Starting from the line with "tiga, hijau, botol", please copy exactly every line to the end of the listing, but not the pictures.

SOURCE DATA:
★ ★ ★
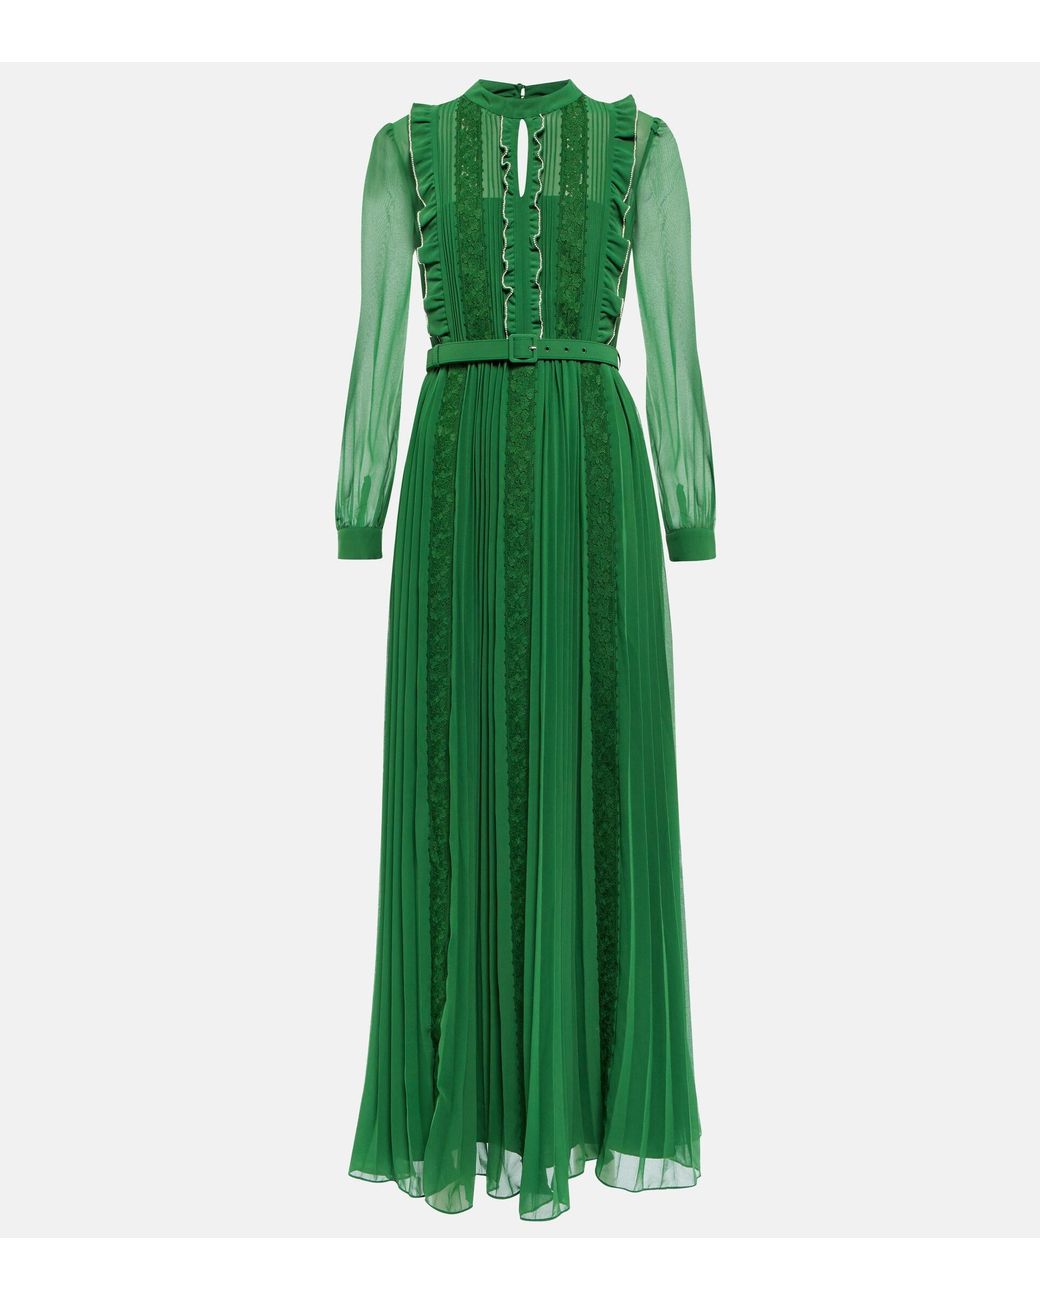 Self-Portrait Embellished Chiffon Gown in Green | Lyst
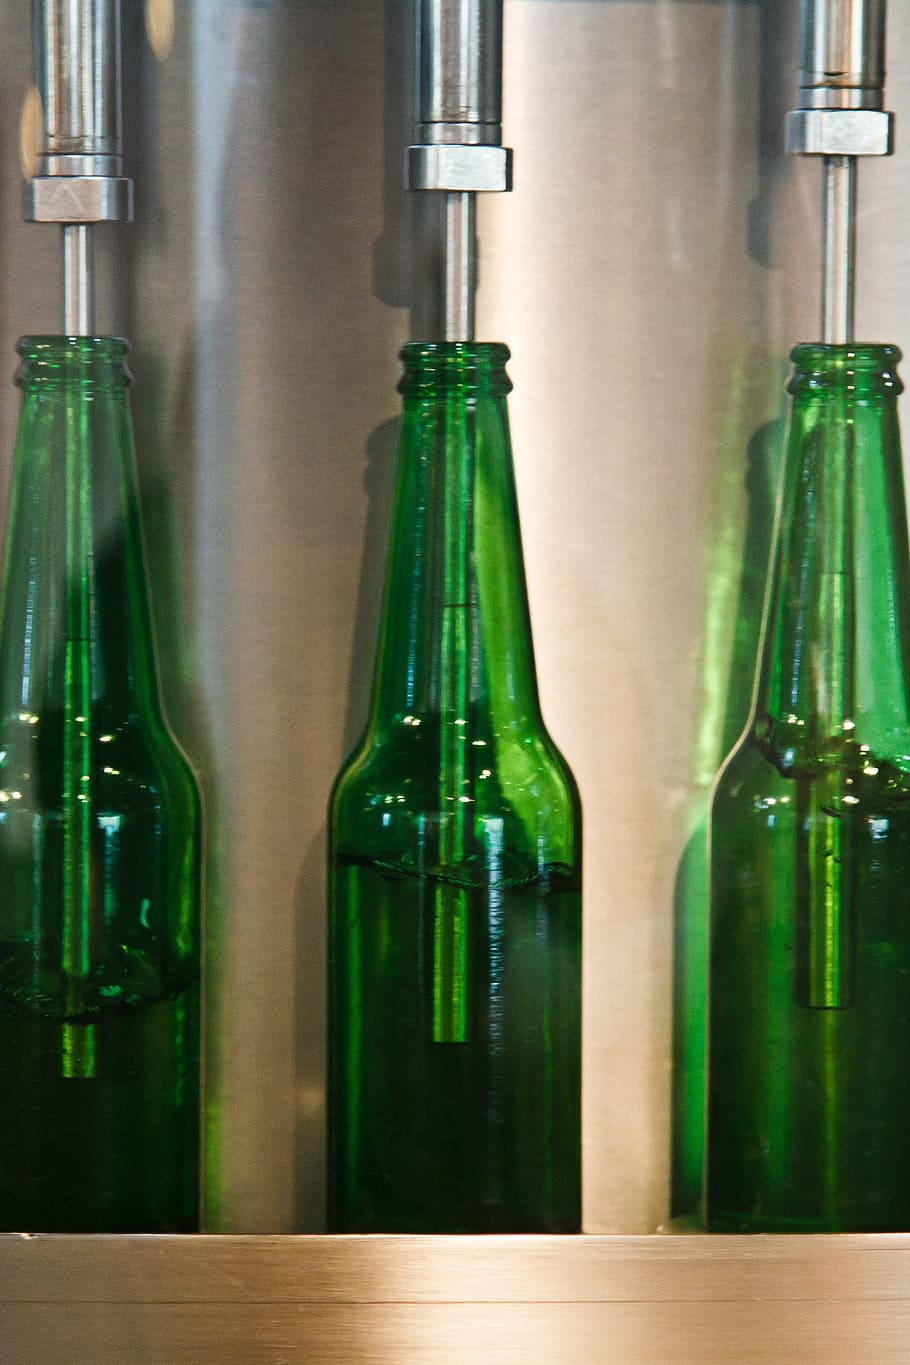 tiga, hijau, botol kaca, Bir, Minuman, Botol, Pembotolan, tempat pembuatan bir, bersih, minum
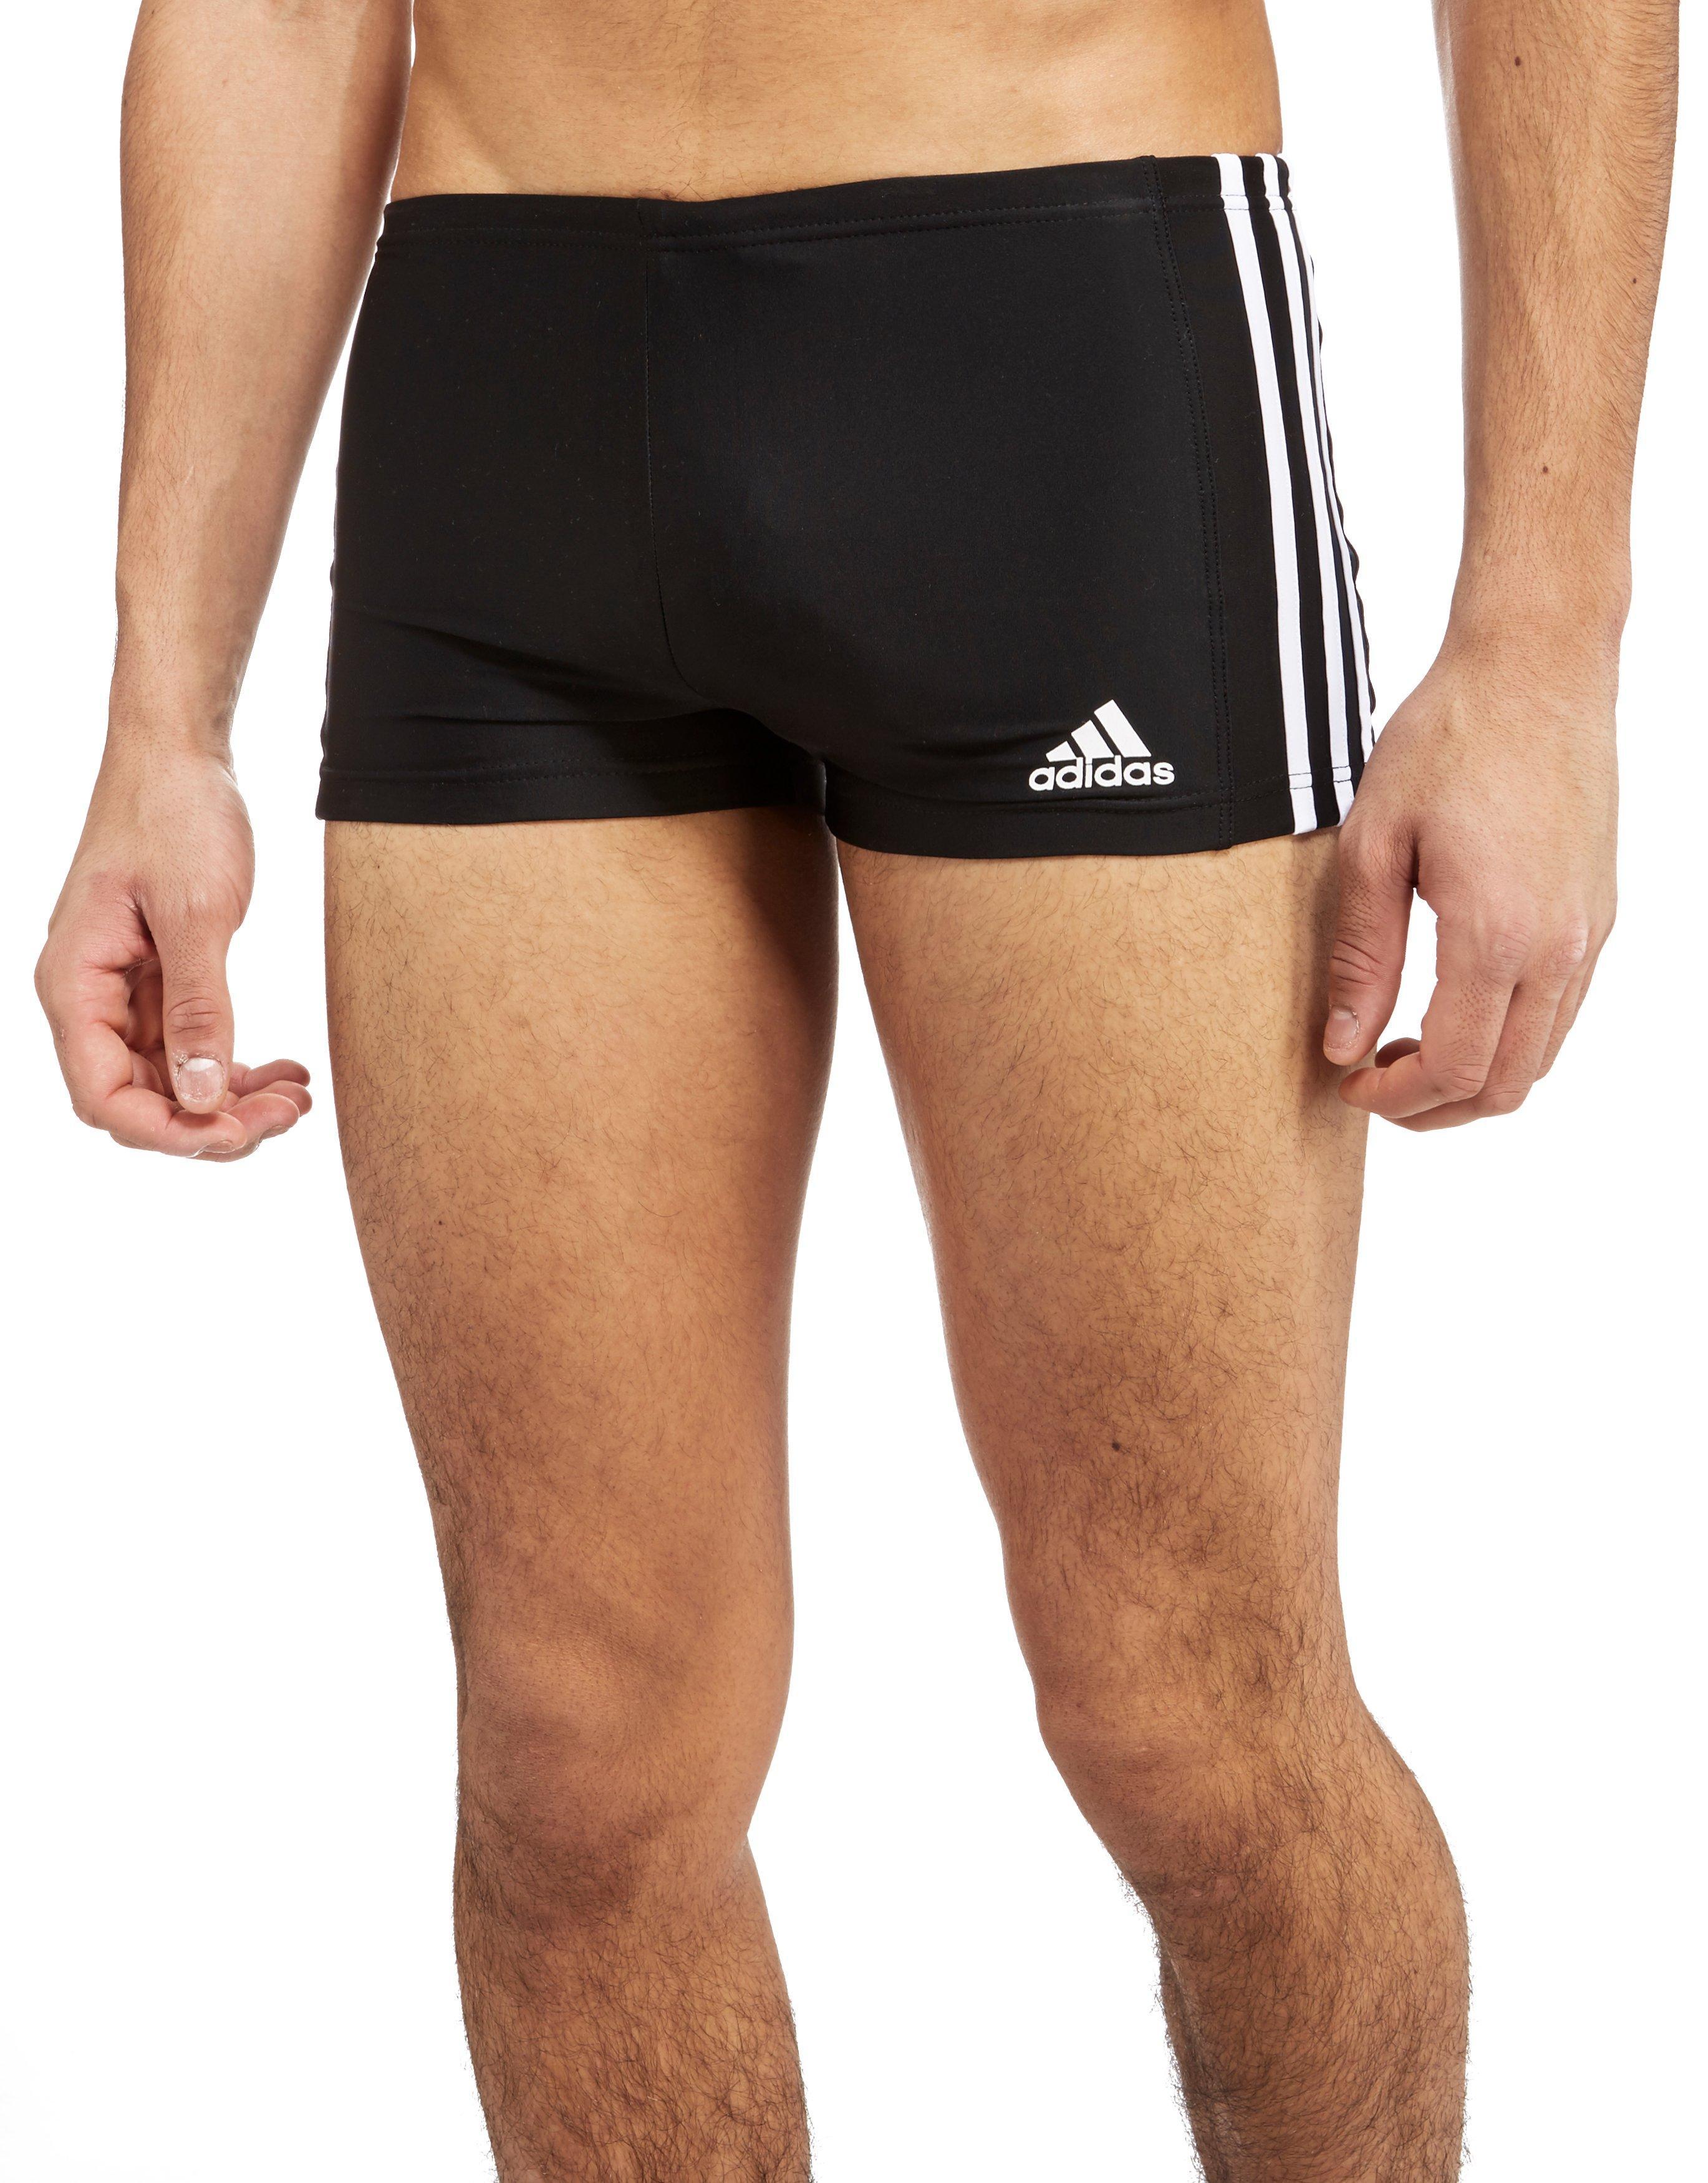 adidas Synthetic Aqua Swim Shorts in Black/White (Black) for Men - Lyst
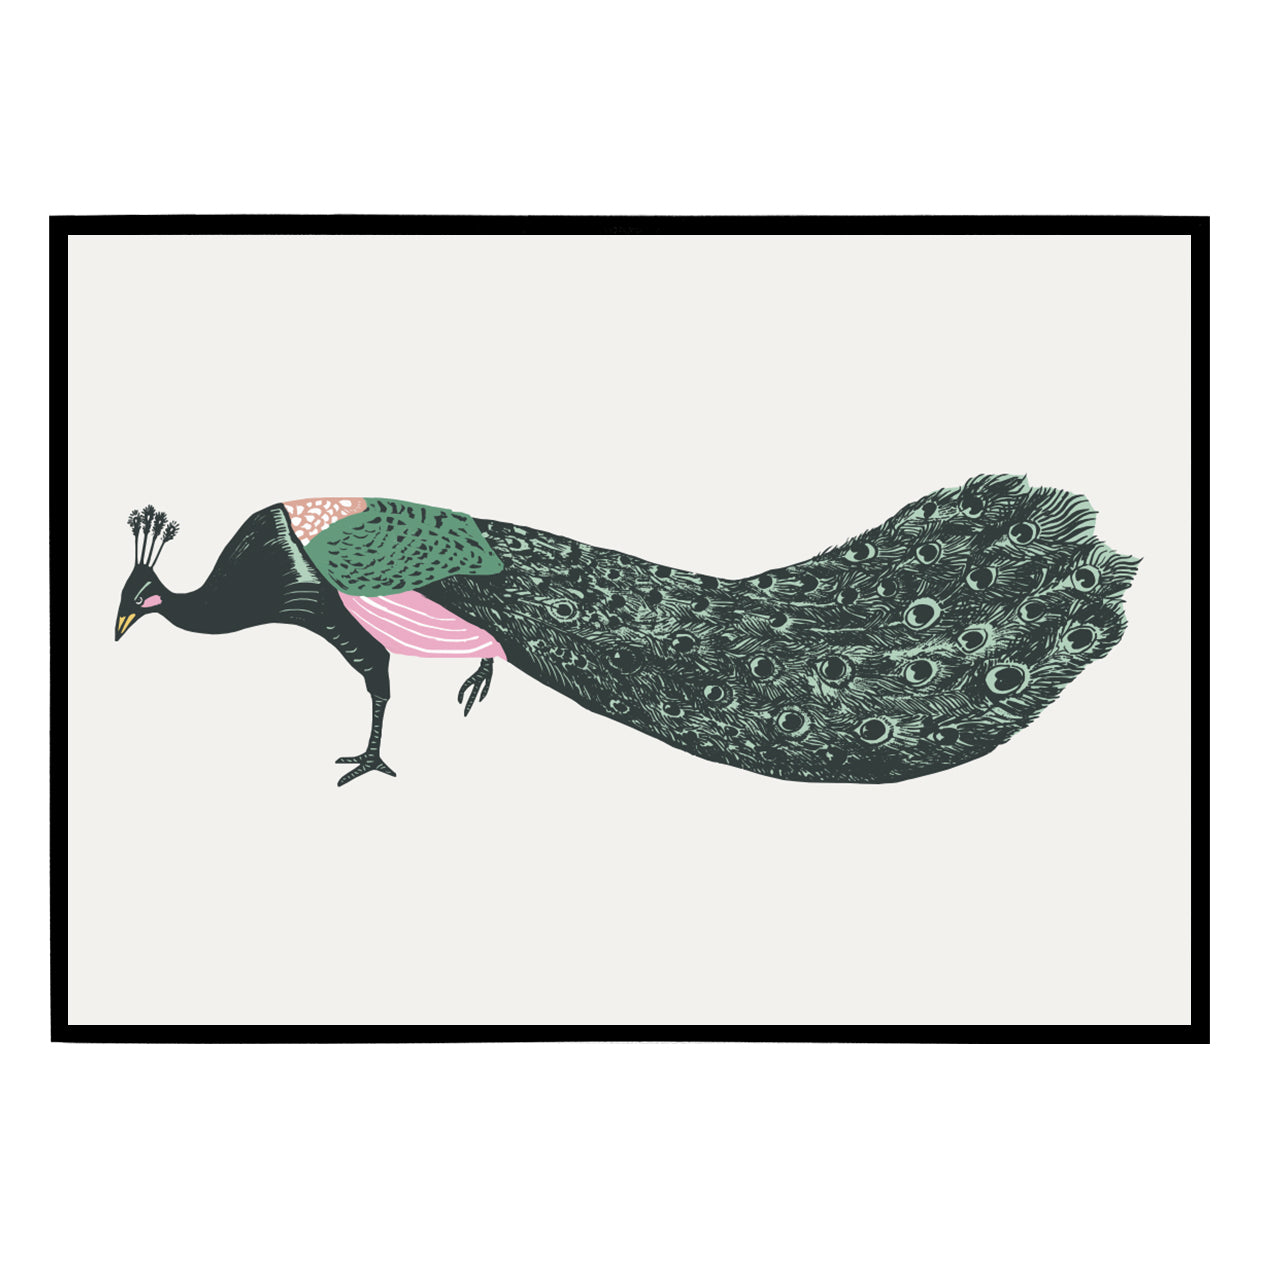 Vintage Peacock Illustration Poster
★ ★ ★
YOUR SOLUTION:
 tiga, hijau, botol kaca, Bir, Minuman, Botol, Pembotolan, tempat pembuatan bir, bersih, minum
 adidas Synthetic Aqua Swim Shorts in Black/White (Black) for Men - Lyst
 Vintage Peacock Illustration Poster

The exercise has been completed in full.